After OpenX, Dotdash Sues Google

close up photo of a wooden gavel
Photo by Sora Shimazaki on Pexels.com

The lawsuits onslaught is happening.

OpenX was the first adtech company to file a follow-on civil suit against Google after the March antitrust ruling, which found Google had illegally monopolized two key adtech markets: publisher ad servers and ad exchanges. Now, Dotdash Meredith (or are we calling them People Inc. 🤔)—one of the world’s largest publishers (People, Travel + Leisure, etc.)—has followed, becoming the first major publisher to take legal action.

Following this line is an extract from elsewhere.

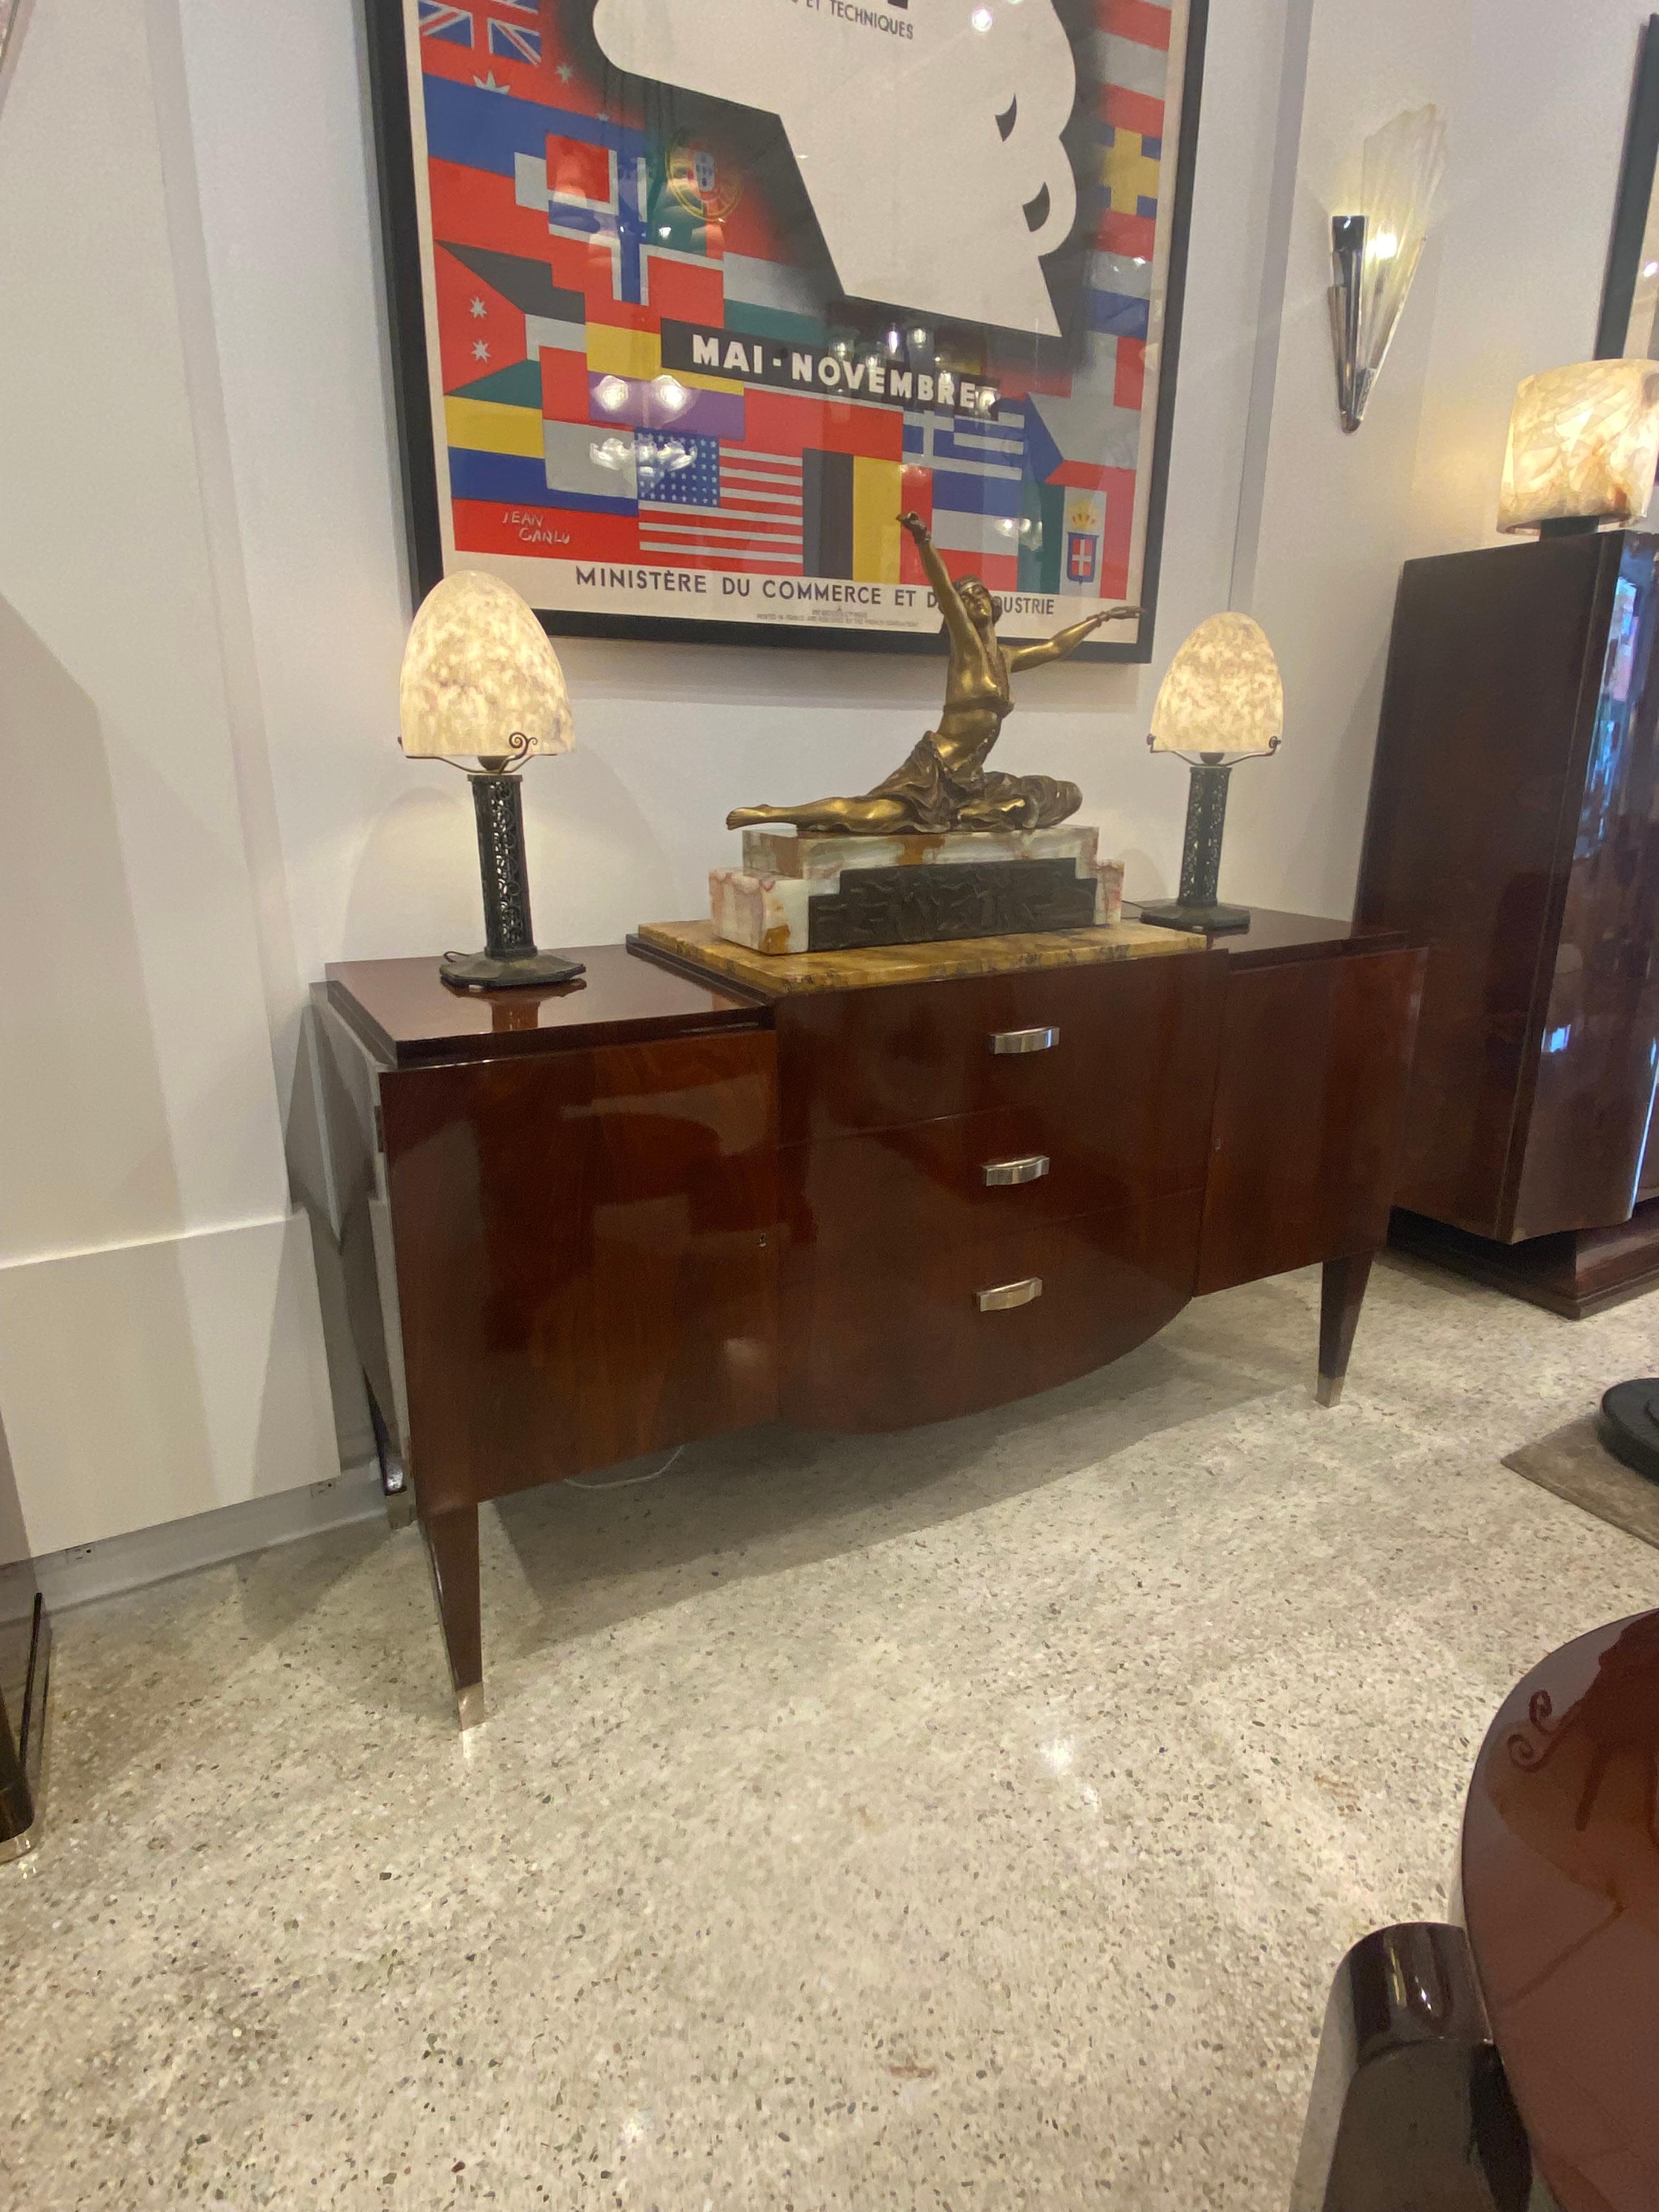 Art Deco sideboard by Krieger Company under Louis Sognot design and direction, made of Rio rosewood veneer and solid oak frame topped with Siena marble (Italy).
Made in France
Circa: 1930
Signature:

In its complaint, Dotdash alleges that Google used its dominance to control how publishers sell inventory, forcing them to transact through Google at “depressed prices.” The result, the suit claims, was reduced revenue for publishers and rivals, while Google pocketed “exorbitant monopoly profits.” The filing also accused Google of unfairly tying its ad exchange to its publisher ad server; running “secret programs” to manipulate auctions and suppress prices; and misleading publishers about how its auctions and adtech worked—all of which, Dotdash argues, caused significant financial harm.

Why This Matters:

The Dotdash suit is part of a growing, potential wave of legal action against Google in the wake of March’s antitrust ruling. That decision established that Google had illegally monopolized the publisher ad server and ad exchange markets, opening the door for companies to seek damages. OpenX was first out of the gate with a follow-on suit, and Dotdash is now the first big publisher to take its shot. Even Magnite, during its latest earnings call, hinted it could pursue similar claims.

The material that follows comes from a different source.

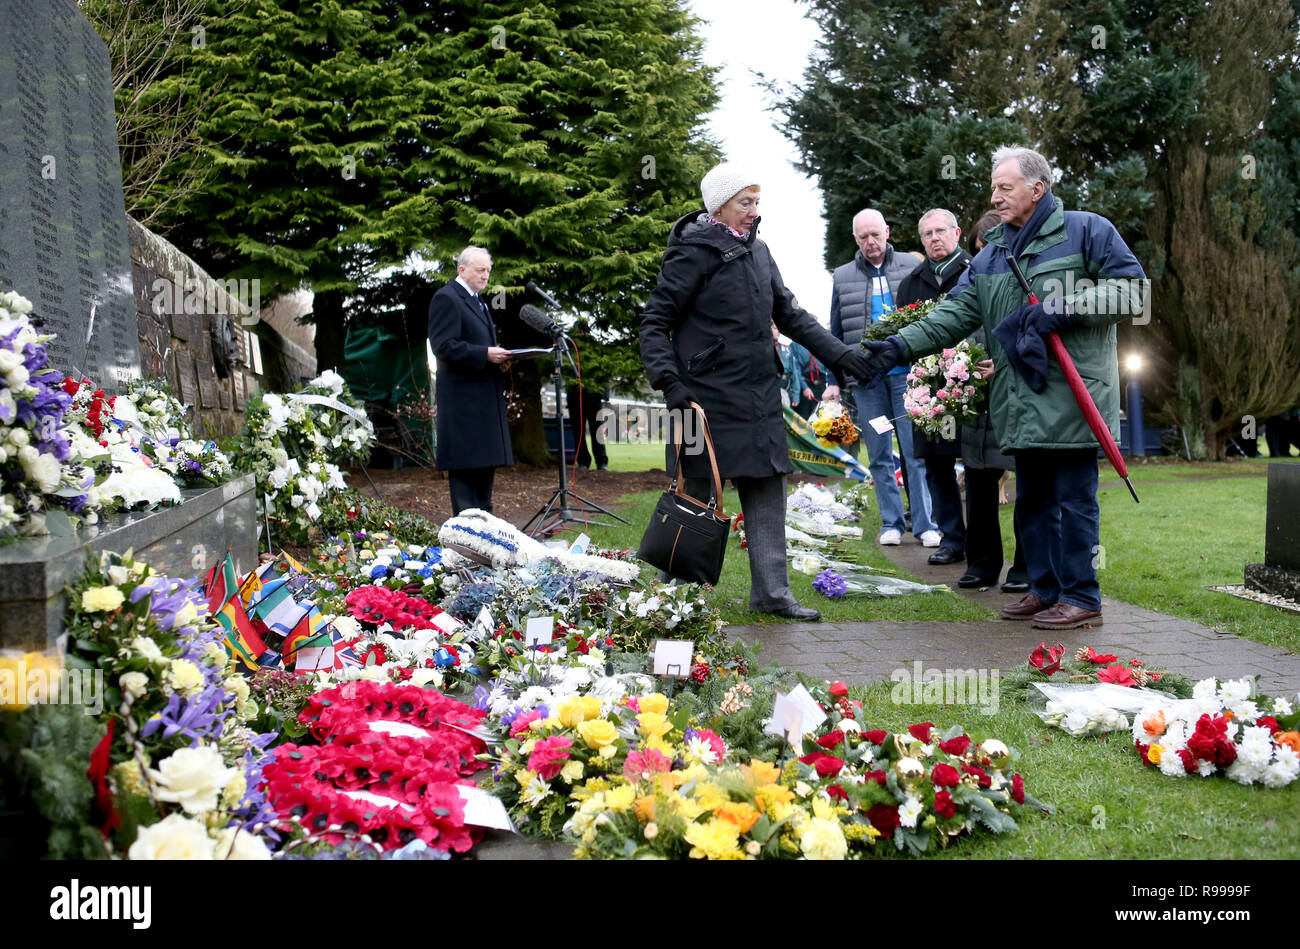 People pay their respects during the commemoration service in the Memorial Garden at Dryfesdale Cemetery in Lockerbie to mark the 30th anniversary of the Lockerbie bombing. Stock Photo

The logic is straightforward: if regulators and courts have already determined Google acted unfairly, why wouldn’t other players in the ecosystem try to recover losses they say stemmed from that conduct?

Experts React:

Here are some interesting X posts about the lawsuit:

Our Take:

We more or less saw this coming—not that it’s a surprise. When OpenX filed its lawsuit, we said:

“Well, yeah, it’s a big deal. Frankly, the implications go well beyond OpenX as this marks one of the first major adtech players to file a follow-on civil suit after the DOJ’s antitrust victory. Could it open the floodgates? If OpenX succeeds, for example, will it encourage a wave of litigation from other companies that feel they too were pushed aside by Google’s dominance.”

Well, it looks like that wave is starting. The question now is how Google responds.

Meanwhile, The Information is reporting that as the DOJ prepares to argue Google should be forced to spin off its sell-side adtech unit, that unit has already begun taking steps to operate more independently. Crazy times.